When the founder walked through the seven wastes with the operations manager, they identified AED 380,000 (USD 103,470) in annual cost leakage across three categories. No new software. No new hires. The fix was naming what was already happening and deciding to stop.

The seven wastes

1. Waiting

What it is: People or work sitting idle because something else has not happened yet.

What it looks like at 30 people: Your project coordinator cannot send a client update because the site supervisor has not submitted photos.
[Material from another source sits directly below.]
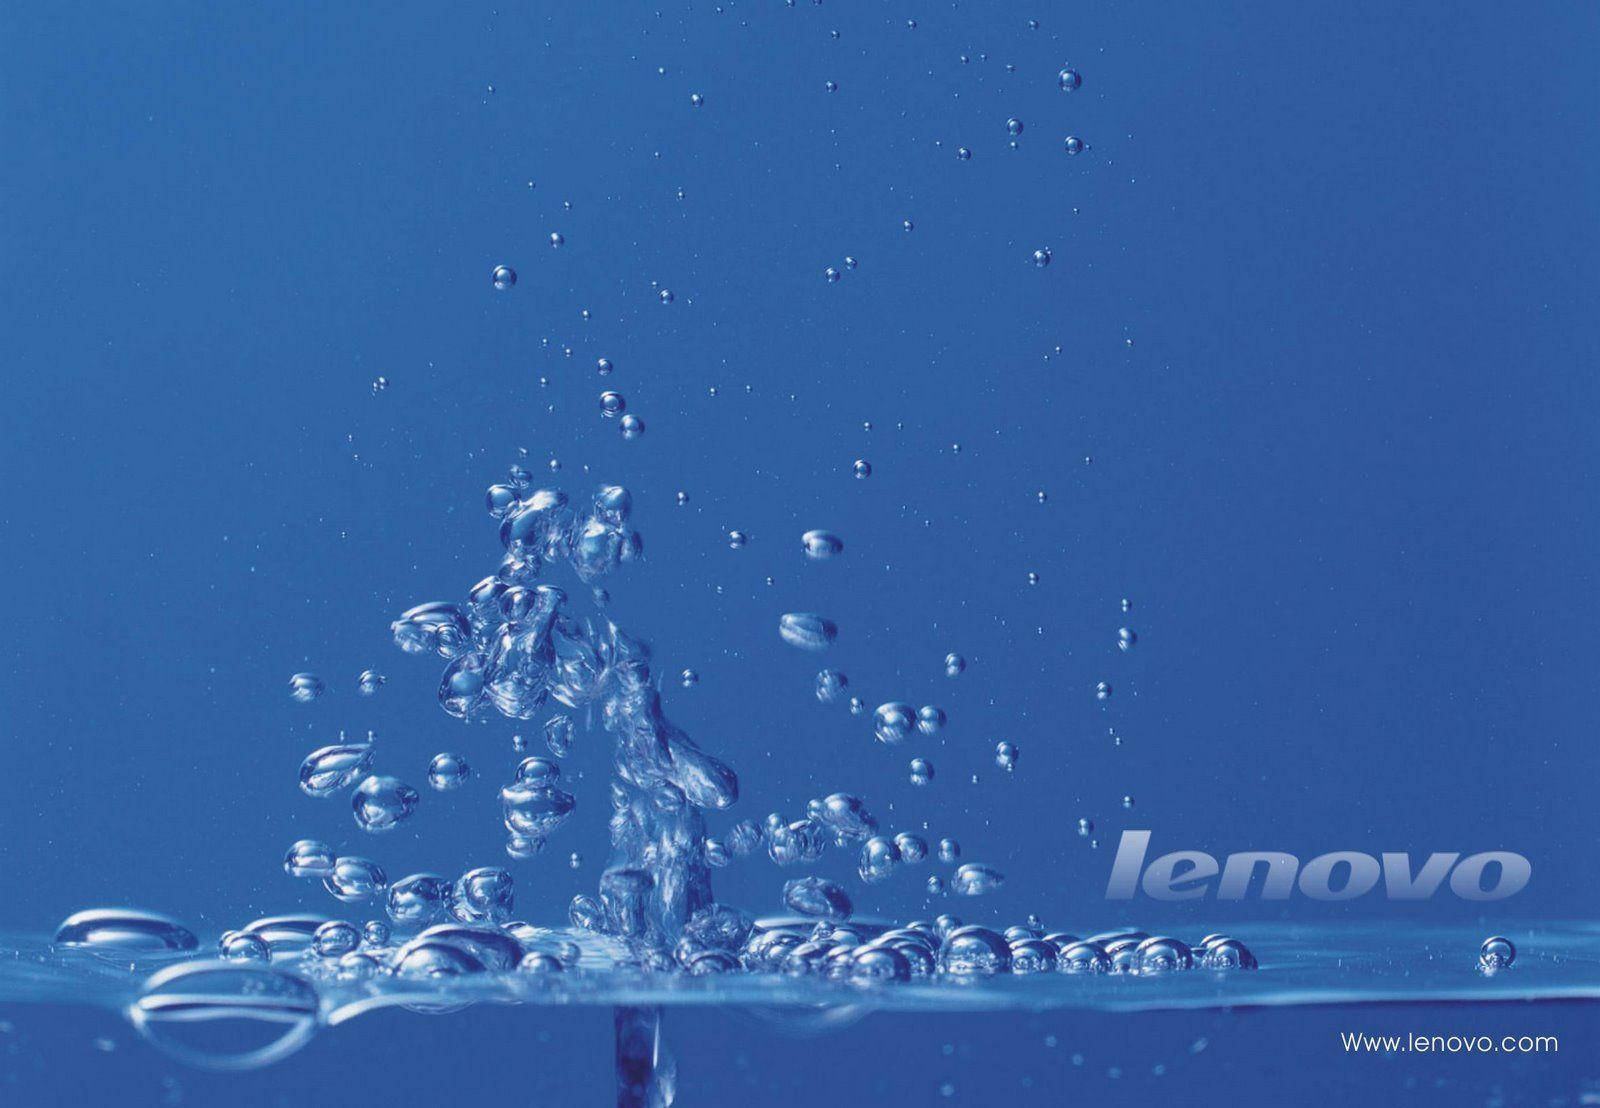 Free Lenovo Hd Wallpaper Downloads, [200+] Lenovo Hd Wallpapers for FREE |

Three proposals sit in a folder because the founder has not reviewed pricing. A new hire waits four days for a laptop and system access.

How to spot it: Ask your team one question: "What are you waiting on right now?" Do it on a Tuesday at 2pm. Write down every answer. You will find 4-8 items per person.

One fix: Set approval thresholds. Anything under AED 5,000 (USD 1,360) does not need founder sign-off. Give two senior people the authority to approve quotes. The Abu Dhabi facilities management founder above did exactly this and cut proposal turnaround from 11 days to 3.

2. Overproduction

What it is: Doing work before it is needed, or doing more work than was asked for.

What it looks like at 30 people: A creative agency builds three full campaign concepts when the client asked for one. A recruitment firm sources 40 candidates for a role that needs a shortlist of 6. Your team pre-builds reports nobody has requested because "the client might ask."

How to spot it: Look at work your team completed last month that the client never used, never saw, or never asked for.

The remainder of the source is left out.